Peripheral Blood Mononuclear Cells Enhance Cartilage Repair in in vivo Osteochondral Defect Model

Abstract

This study characterized peripheral blood mononuclear cells (PBMC) in terms of their potential in cartilage repair and investigated their ability to improve the healing in a pre-clinical large animal model. Human PBMCs were isolated with gradient centrifugation and adherent PBMC's were evaluated for their ability to differentiate into adipogenic, chondrogenic and osteogenic lineages and also for their expression of musculoskeletal genes. The phenotype of the PBMCs was evaluated using Stro-1, CD34, CD44, CD45, CD90, CD106, CD105, CD146 and CD166 cell surface markers. Osteochondral defects were created in the medial femoral condyle (MFC) of 24 Welsh mountain sheep and evaluated at a six month time point. Four cell treatment groups were evaluated in combination with collagen-GAG-scaffold: (1) MSC alone; (2) MSCs and PBMCs at a ratio of 20:1; (3) MSCs and PBMC at a ratio of 2:1 and (4) PBMCs alone. Samples from the surgical site were evaluated for mechanical properties, ICRS score and histological repair. Fresh PBMC samples were 90% positive for hematopoietic cell surface markers and negative for the MSC antibody panel (<1%, p = 0.006). However, the adherent PBMC population expressed mesenchymal stem cell markers in hypoxic culture and lacked CD34/45 positive cells (<0.2%). This finding demonstrated that the adherent cells had acquired an MSC-like phenotype and transformed in hypoxia from their original hematopoietic lineage. Four key genes in muskuloskeletal biology were significantly upregulated in adherent PBMCs by hypoxia: BMP2 4.2-fold (p = 0.0007), BMP6 10.7-fold (p = 0.0004), GDF5 2.0-fold (p = 0.002) and COL1 5.0-fold (p = 0.046). The monolayer multilineage analysis confirmed the trilineage mesenchymal potential of the adherent PBMCs. PBMC cell therapy was equally good as bone marrow MSC therapy for defects in the ovine large animal model. Our results show that PBMCs support cartilage healing and oxygen tension of the environment was found to have a key effect on the derivation of a novel adherent cell population with an MSC-like phenotype. This study presents a novel and easily attainable point-of-care cell therapy with PBMCs to treat osteochondral defects in the knee avoiding any cell manipulations outside the surgical room.

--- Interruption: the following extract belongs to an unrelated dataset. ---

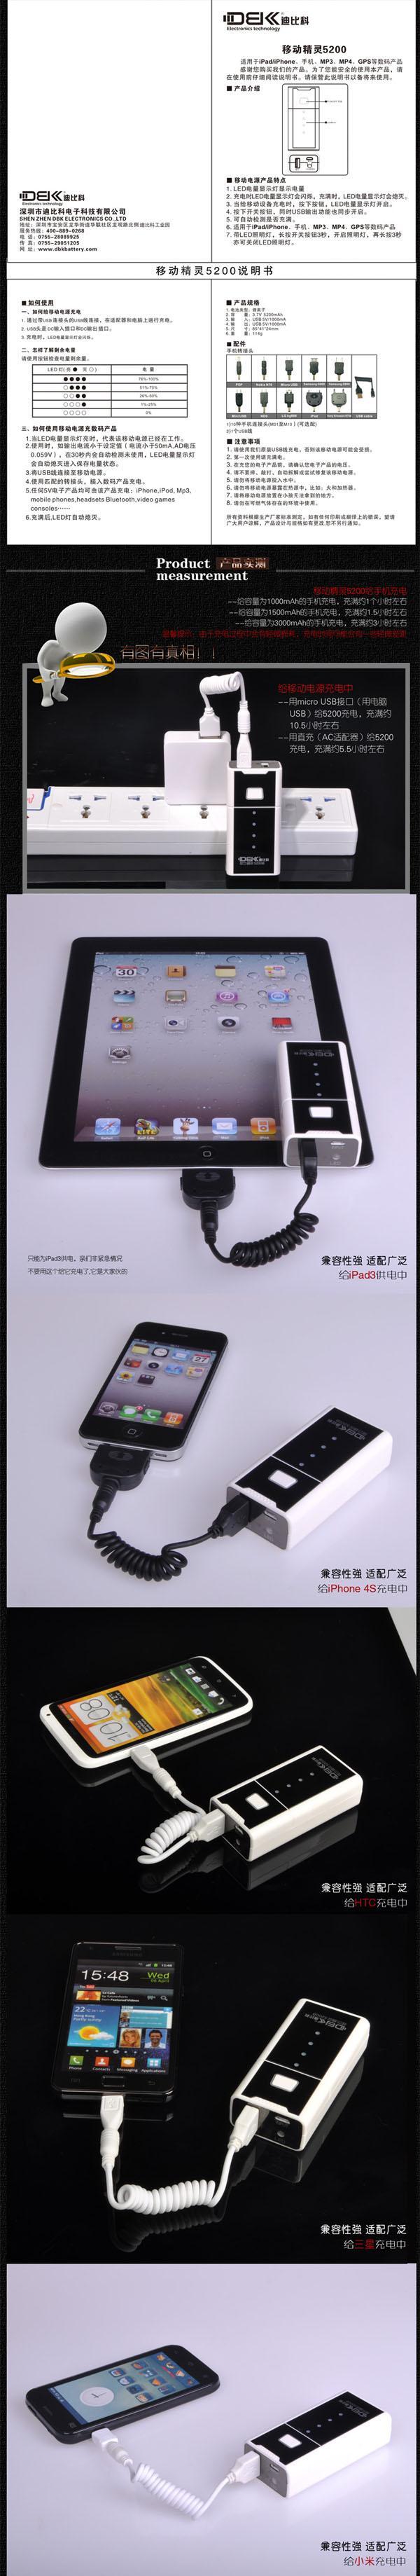 iphone4,三星(i9008除外),htc,黑莓,诺基亚,索尼,lg,摩托罗拉,小米

Fig 1. Peripheral blood mononuclear cell characterization.

(A) Fluorescent labelling of fresh PBMC in suspension and adherent PBMC in both normoxia and hypoxia comparing hematopoietic and mesenchymal cell surface markers (n = 4). Representative images of PBMCs after 12 days growing in (B) normoxia and (C) hypoxia (scale bar 50 μm).

Fig 2. Gene expression analysis.

The mRNA expression of PBMCs in both normoxic and hypoxic culture (24h). BMP2 (p = 0.0007), BMP6 (p = 0.0004), GDF5 (p = 0.002) and COL1 (p = 0.046) normalized to B2M housekeeping gene. Level of statistical significance; * p<0.05, ** p<0.001 and *** p<0.0001 with biological n = 4 and technical n = 3.

Fig 3. Tripotential lineage differentiation.

Morphological analysis of the adherent PBMCs (A-F) and Mesoblast MSCs (G-L) in both normoxic and hypoxic culture at day 21 under phase contrast light microscopy. Representative images of osteogenic differentiation (Alizarin-red; A, D, G and J), adipogenic differentiation (Oil-red-O; B, E, H and K) and chondrogenic differentiation (Alcian blue; C, F, I and L). Scale bar 200 μm.

Fig 4. Analysis of the defect repair.

(A) Representative images of an average sample of each treatment group showing the macroscopic surface repair in femoral condyles. (B) Osteochondral healing of each treatment group stained with Safranin O/Fast Green. The scale bar represents the radius of the initial defect (6.0 mm). Some of the findings include: neocartilage formation on the surface of the defect (red/black vertical arrow) and remnants of the biomaterial (black horizontal arrow). (C) Safranin O/Fast Green stained high magnification (20x) images of the articular cartilage healing in the surface and in the subchondral bone where remnants of the biomaterial can be found. (D) Collagen type II staining and (E) Collagen type I staining at the repair site and within the remnants of the collagen biomaterial.

Fig 5. Quantification of the repair tissue.

(A) The ICRS score assessing the integration of the cell-scaffold construct into the medial femoral condyles. (B) Mechanical stiffness and (C) histological evaluation based on the modified O'Driscoll scoring system. (D) Summary of the healing with repair tissue in the defect when 100% is the total defect area. (E) Summary of the neocartilage formation in the articular cartilage surface when 100% is the total defect area. There was no significant difference between the test groups for these measurements.